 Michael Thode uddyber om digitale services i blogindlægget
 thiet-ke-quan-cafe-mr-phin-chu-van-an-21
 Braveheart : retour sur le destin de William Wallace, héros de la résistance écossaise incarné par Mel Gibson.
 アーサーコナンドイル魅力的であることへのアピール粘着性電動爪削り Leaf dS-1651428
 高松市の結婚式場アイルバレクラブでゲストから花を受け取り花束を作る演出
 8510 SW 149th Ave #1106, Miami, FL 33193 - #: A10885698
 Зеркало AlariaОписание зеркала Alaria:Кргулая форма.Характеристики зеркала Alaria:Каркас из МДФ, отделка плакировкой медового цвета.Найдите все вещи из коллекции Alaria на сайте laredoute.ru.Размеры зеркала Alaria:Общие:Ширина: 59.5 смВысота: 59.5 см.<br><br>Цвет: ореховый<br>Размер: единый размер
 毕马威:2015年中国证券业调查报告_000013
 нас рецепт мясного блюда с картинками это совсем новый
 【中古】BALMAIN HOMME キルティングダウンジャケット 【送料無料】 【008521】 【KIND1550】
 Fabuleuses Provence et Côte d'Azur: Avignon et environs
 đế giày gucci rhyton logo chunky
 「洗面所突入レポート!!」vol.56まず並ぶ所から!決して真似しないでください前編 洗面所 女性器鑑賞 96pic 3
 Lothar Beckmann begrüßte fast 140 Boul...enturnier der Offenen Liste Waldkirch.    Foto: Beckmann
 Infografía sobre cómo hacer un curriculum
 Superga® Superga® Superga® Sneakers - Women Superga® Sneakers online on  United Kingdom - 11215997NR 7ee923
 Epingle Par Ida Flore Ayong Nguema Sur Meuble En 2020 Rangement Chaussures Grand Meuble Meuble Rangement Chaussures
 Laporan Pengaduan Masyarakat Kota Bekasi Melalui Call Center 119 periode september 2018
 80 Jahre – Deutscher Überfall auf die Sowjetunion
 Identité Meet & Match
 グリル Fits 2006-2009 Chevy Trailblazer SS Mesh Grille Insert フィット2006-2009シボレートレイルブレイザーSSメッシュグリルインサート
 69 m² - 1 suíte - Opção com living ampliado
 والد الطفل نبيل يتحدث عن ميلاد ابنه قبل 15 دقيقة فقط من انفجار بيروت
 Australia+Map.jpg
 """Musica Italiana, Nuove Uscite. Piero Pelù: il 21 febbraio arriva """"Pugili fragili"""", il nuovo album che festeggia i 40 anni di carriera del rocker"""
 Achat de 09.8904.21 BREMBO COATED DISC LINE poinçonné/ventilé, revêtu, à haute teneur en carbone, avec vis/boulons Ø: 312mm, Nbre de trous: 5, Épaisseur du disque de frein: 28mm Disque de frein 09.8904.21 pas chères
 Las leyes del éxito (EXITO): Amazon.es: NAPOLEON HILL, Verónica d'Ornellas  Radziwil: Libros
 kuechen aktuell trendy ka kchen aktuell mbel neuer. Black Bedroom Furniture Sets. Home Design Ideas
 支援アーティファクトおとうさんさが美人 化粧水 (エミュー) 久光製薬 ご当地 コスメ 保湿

= = = = = = =

● Prompt: A verbatim restatement of all the entries above is required.

● Solution:
 Michael Thode uddyber om digitale services i blogindlægget
 thiet-ke-quan-cafe-mr-phin-chu-van-an-21
 Braveheart : retour sur le destin de William Wallace, héros de la résistance écossaise incarné par Mel Gibson.
 アーサーコナンドイル魅力的であることへのアピール粘着性電動爪削り Leaf dS-1651428
 高松市の結婚式場アイルバレクラブでゲストから花を受け取り花束を作る演出
 8510 SW 149th Ave #1106, Miami, FL 33193 - #: A10885698
 Зеркало AlariaОписание зеркала Alaria:Кргулая форма.Характеристики зеркала Alaria:Каркас из МДФ, отделка плакировкой медового цвета.Найдите все вещи из коллекции Alaria на сайте laredoute.ru.Размеры зеркала Alaria:Общие:Ширина: 59.5 смВысота: 59.5 см.<br><br>Цвет: ореховый<br>Размер: единый размер
 毕马威:2015年中国证券业调查报告_000013
 нас рецепт мясного блюда с картинками это совсем новый
 【中古】BALMAIN HOMME キルティングダウンジャケット 【送料無料】 【008521】 【KIND1550】
 Fabuleuses Provence et Côte d'Azur: Avignon et environs
 đế giày gucci rhyton logo chunky
 「洗面所突入レポート!!」vol.56まず並ぶ所から!決して真似しないでください前編 洗面所 女性器鑑賞 96pic 3
 Lothar Beckmann begrüßte fast 140 Boul...enturnier der Offenen Liste Waldkirch.    Foto: Beckmann
 Infografía sobre cómo hacer un curriculum
 Superga® Superga® Superga® Sneakers - Women Superga® Sneakers online on  United Kingdom - 11215997NR 7ee923
 Epingle Par Ida Flore Ayong Nguema Sur Meuble En 2020 Rangement Chaussures Grand Meuble Meuble Rangement Chaussures
 Laporan Pengaduan Masyarakat Kota Bekasi Melalui Call Center 119 periode september 2018
 80 Jahre – Deutscher Überfall auf die Sowjetunion
 Identité Meet & Match
 グリル Fits 2006-2009 Chevy Trailblazer SS Mesh Grille Insert フィット2006-2009シボレートレイルブレイザーSSメッシュグリルインサート
 69 m² - 1 suíte - Opção com living ampliado
 والد الطفل نبيل يتحدث عن ميلاد ابنه قبل 15 دقيقة فقط من انفجار بيروت
 Australia+Map.jpg
 """Musica Italiana, Nuove Uscite. Piero Pelù: il 21 febbraio arriva """"Pugili fragili"""", il nuovo album che festeggia i 40 anni di carriera del rocker"""
 Achat de 09.8904.21 BREMBO COATED DISC LINE poinçonné/ventilé, revêtu, à haute teneur en carbone, avec vis/boulons Ø: 312mm, Nbre de trous: 5, Épaisseur du disque de frein: 28mm Disque de frein 09.8904.21 pas chères
 Las leyes del éxito (EXITO): Amazon.es: NAPOLEON HILL, Verónica d'Ornellas  Radziwil: Libros
 kuechen aktuell trendy ka kchen aktuell mbel neuer. Black Bedroom Furniture Sets. Home Design Ideas
 支援アーティファクトおとうさんさが美人 化粧水 (エミュー) 久光製薬 ご当地 コスメ 保湿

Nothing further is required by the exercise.